/pshhh

pglbutt's shell

Primary LanguageGo

Overview

This is a POSIX-compliant* shell written in Go.

*: (not really)

TODO

The following are checked if they are implemented at all. This doesn't mean the checked feature is complete or bug-free.

  • Simple commands
  • Environment variables
  • Parameter expansion
  • Strings
  • Redirection
  • Piping
  • Variable assignment
  • Control flow

Quickstart

To build psh, use the Makefile

$ make psh
$ ./psh -t '/bin/echo hello world'

Running the tests

To run the tests, you will need to:

  1. Install dependencies managed by Glide. First, install Glide
  2. Run glide install
  3. Run make test

Notes

Links:

For loops

There are three forms of for loops.

1. For loop with a sequence.
for x in `seq 1 10`; do
    echo $x
done
2. For loop with in but with no sequence.

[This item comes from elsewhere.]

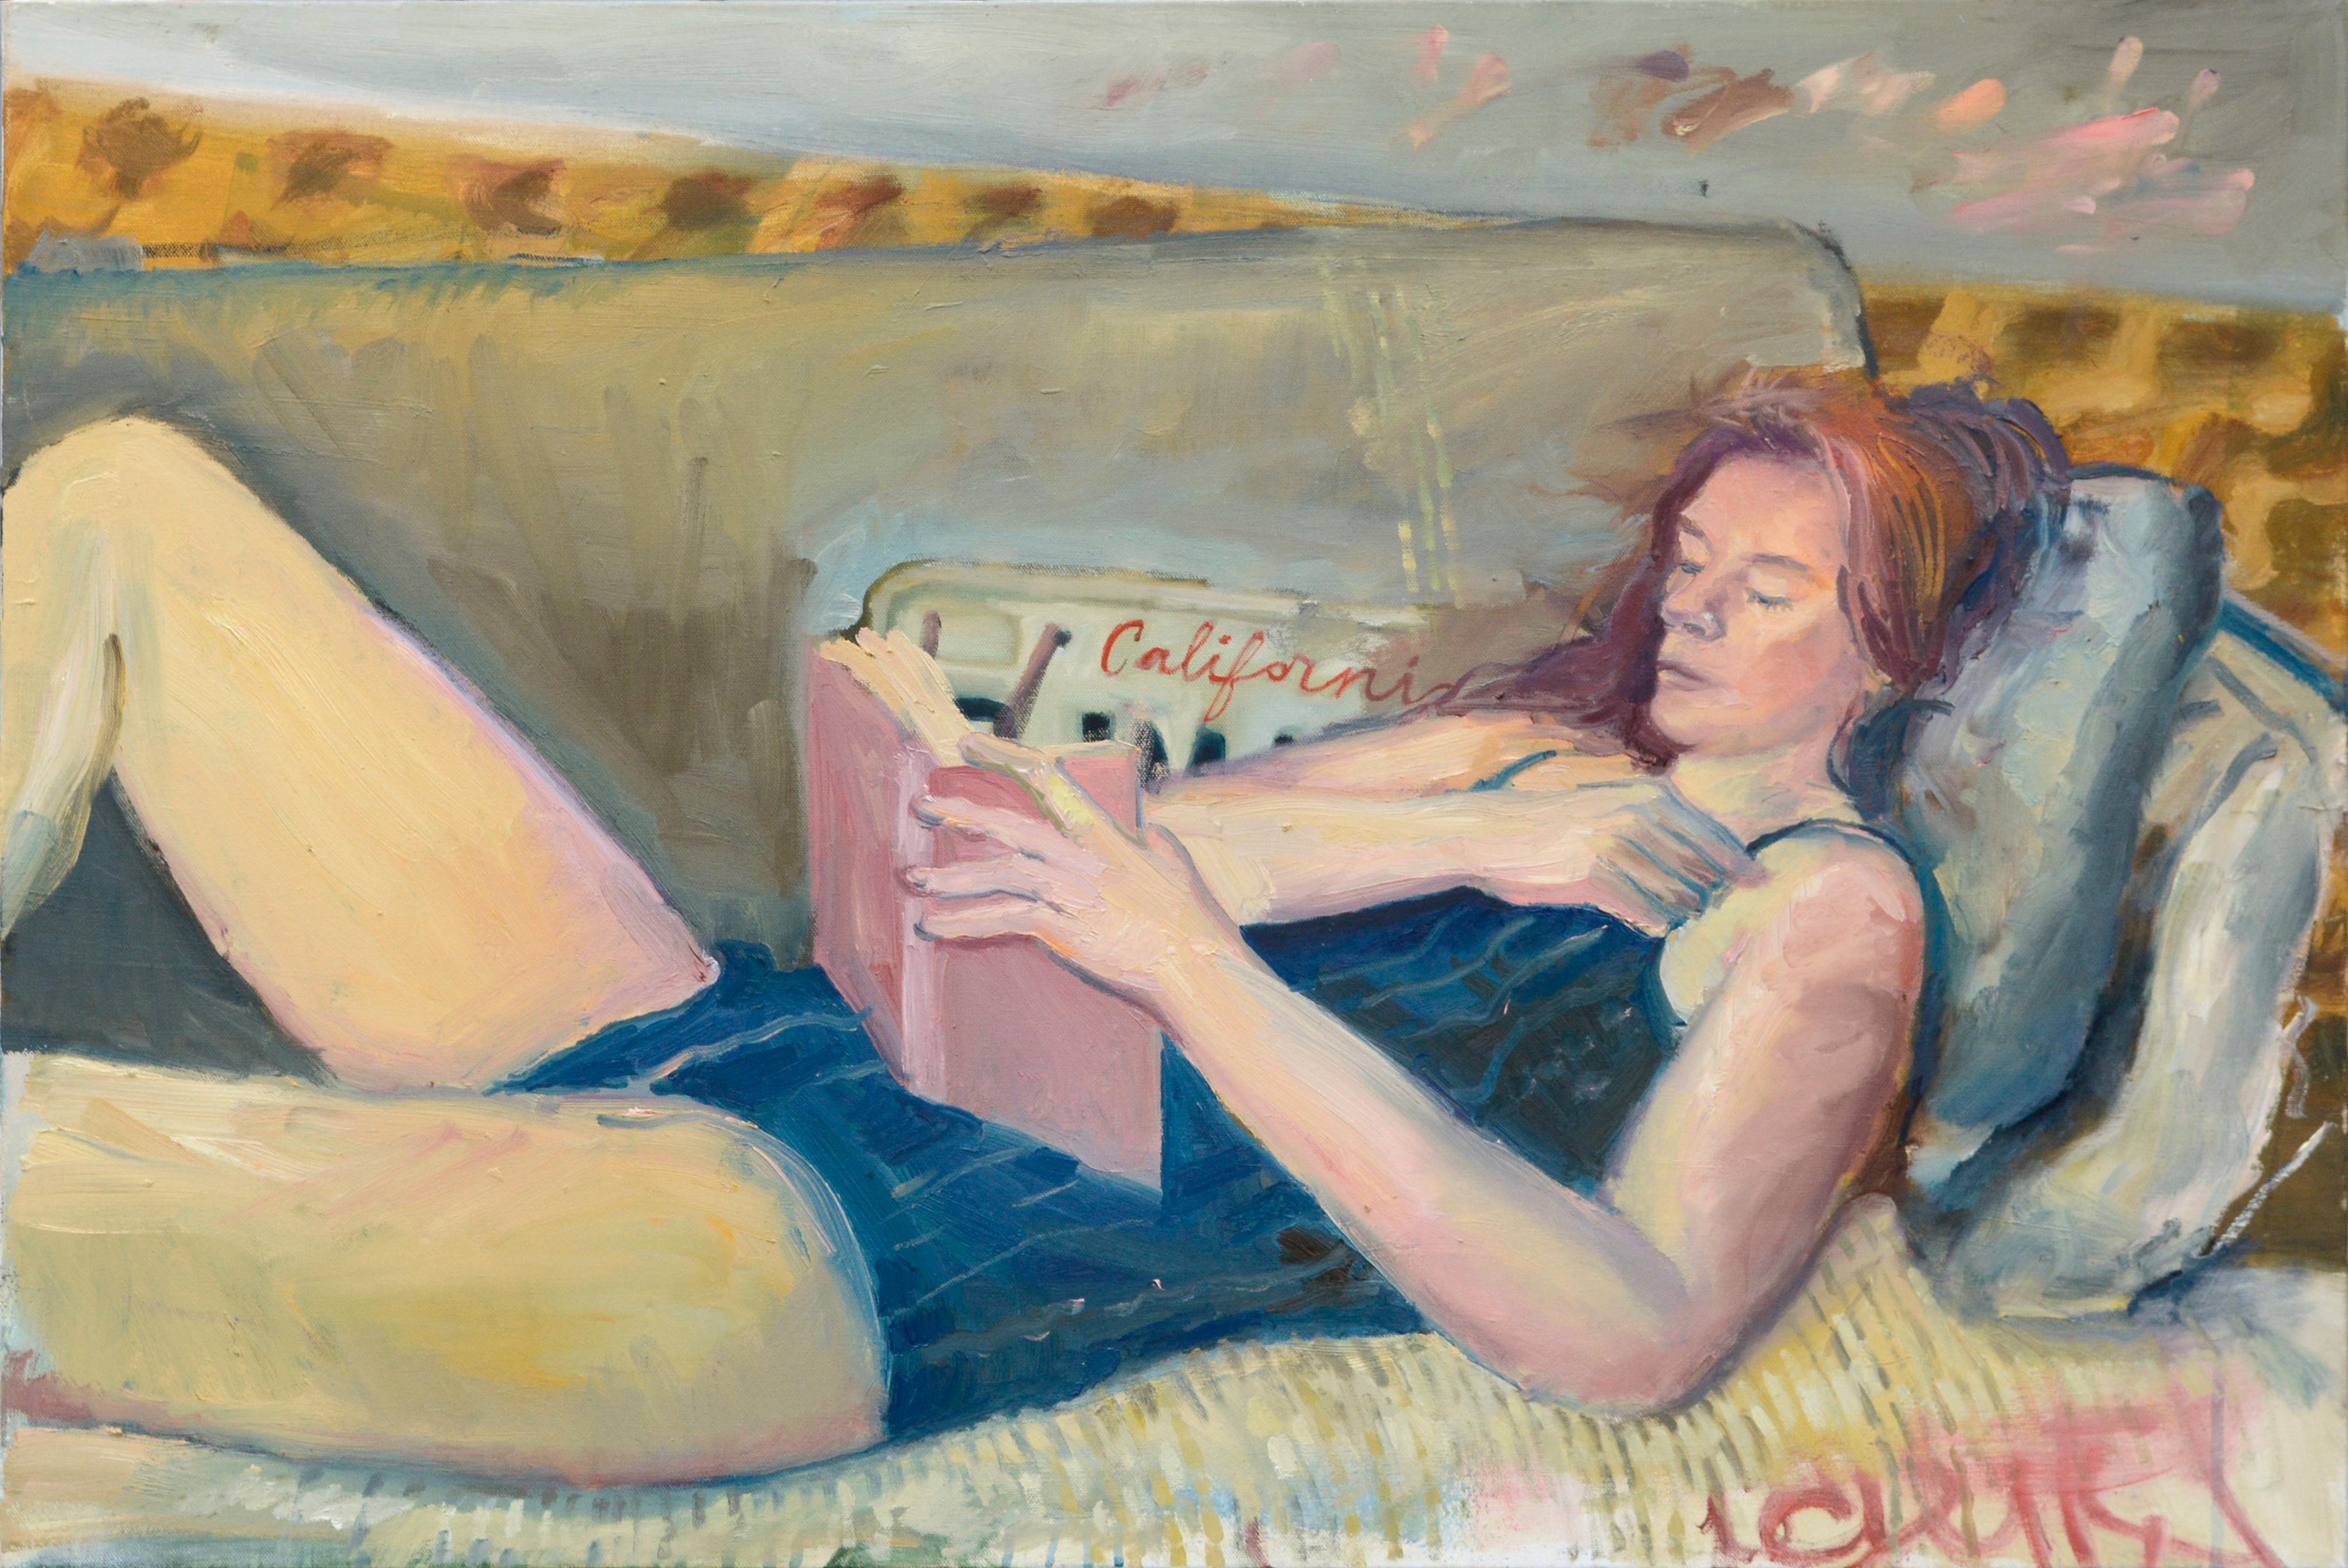 Wyn Di Stefano Portrait Painting -  "Annie", Contemporary California Figurative Impressionist Portrait of a Woman

This is interpreted as an empty sequence, so no loop iterations are done (e.g. if your sequence comes from an empty shell variable, the loop does nothing).

for x in; do
    echo $x
done
3. For loop without an in clause.

In this case, the loop iterates over $@, the command line arguments.

for x; do
    echo $x
done

&&, ||

There is no order of operations for And/Or operators.

The operators "&&" and "||" shall have equal precedence and shall be evaluated with left associativity. For example, both of the following commands write solely bar to standard output:

false && echo foo || echo bar true || echo foo && echo bar

Programs stored in environment variables

Tilde expansions, parameter expansions, command substitutions, arithmetic expansions, and quote removals that occur within a single word expand to a single field. It is only field splitting or pathname expansion that can create multiple fields from a single word. The single exception to this rule is the expansion of the special parameter '@' within double-quotes, as described in Special Parameters.

We can execute a single command stored in an environment variable

bash> FOO='echo wumbo'; $FOO
wumbo

We cannot execute multiple commands in a variable

bash> FOO='echo wumbo; echo mini'; $FOO
wumbo; echo mini

The executed command does not expand variables

bash> export Y=thisisy
bash> FOO='echo $Y'; $FOO
$Y

We can use eval to make this work though

bash> export Y=thisisy
bash> FOO='echo $Y'; eval $FOO
$Y

Implementation

There are four peices:

  1. The Lexer which converts an input string to a stream of tokens
  2. The Parser which converts a stream of tokens to a parse tree, representing the shell program
  3. The Interpreter which "executes" the parse tree
  4. The CLI which gets input from a user, and orchestrates the lexing, parsing, and interpretation of that input.

The Lexer

This is modeled after the Golang template lexer, which is described in Rob Pike's talk on the Golang template lexer.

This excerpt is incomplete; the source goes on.